The event itself began in 1992, when Worcester Wreath Co. owner Morrill Worcester found himself with a surplus of holiday wreaths and arranged to have them placed at an older section of Arlington National Cemetery in Washington, D.C.
Beginning in the mid-2000s, the event began expanding nationwide.
Today, it takes place in more than 3,400 locations across the U.S., including cemeteries in Irwin and North Huntingdon through another local chapter.
On Saturday morning, volunteers at St.
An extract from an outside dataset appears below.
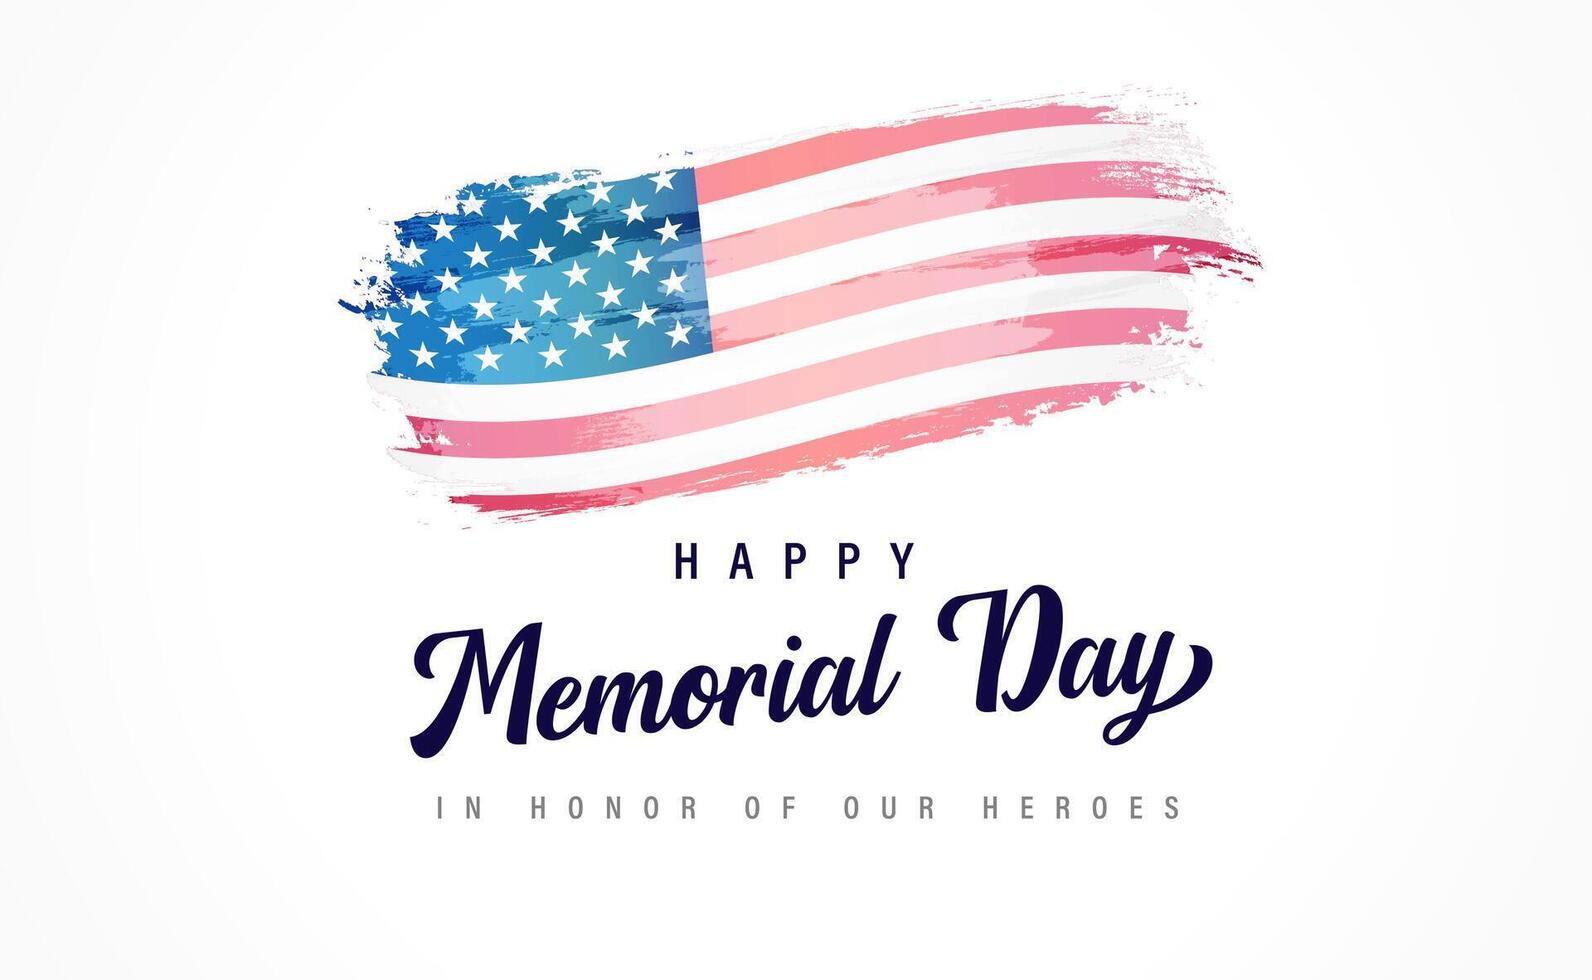 Happy Memorial Day social media poster with creative grunge style flag vector

Boniface Cemetery were pulling on tossel caps and gloves as they cut the tape on boxes full of wreaths, set in place the night before by Drury and his wife, Linda, who started the local event.
Military headstones are marked with a blaze orange flag to make them easy for volunteers to identify.
Drury’s father, Frank, a Jeannette resident and volunteer, said the morning cold wasn’t half-bad compared to the past two years.
“Two years ago, we got that blizzard with 9 inches of snow,” he said. “We were out here in the morning at Jeannette Catholic Cemetery shoveling it away so you could see the flags.”
Amy Gower of Greensburg has volunteered the past three years.
“We had the snow, and then last year it was 40 degrees and raining the whole time,” she said. “But I think it’s a great way to honor veterans, educate children about history and get them involved.”
Drury agreed.
“It’s pretty touching to see all these people come out, even in the cold weather,” he said.
For more on the Jeannette group, see WreathsAcrossAmerica.org/pages/164108 or visit their Facebook page.
Patrick Varine is a TribLive reporter covering Delmont, Export and Murrysville. He is a Western Pennsylvania native and joined the Trib in 2010 after working as a reporter and editor with the former Dover Post Co. in Delaware. He can be reached at pvarine@triblive.com.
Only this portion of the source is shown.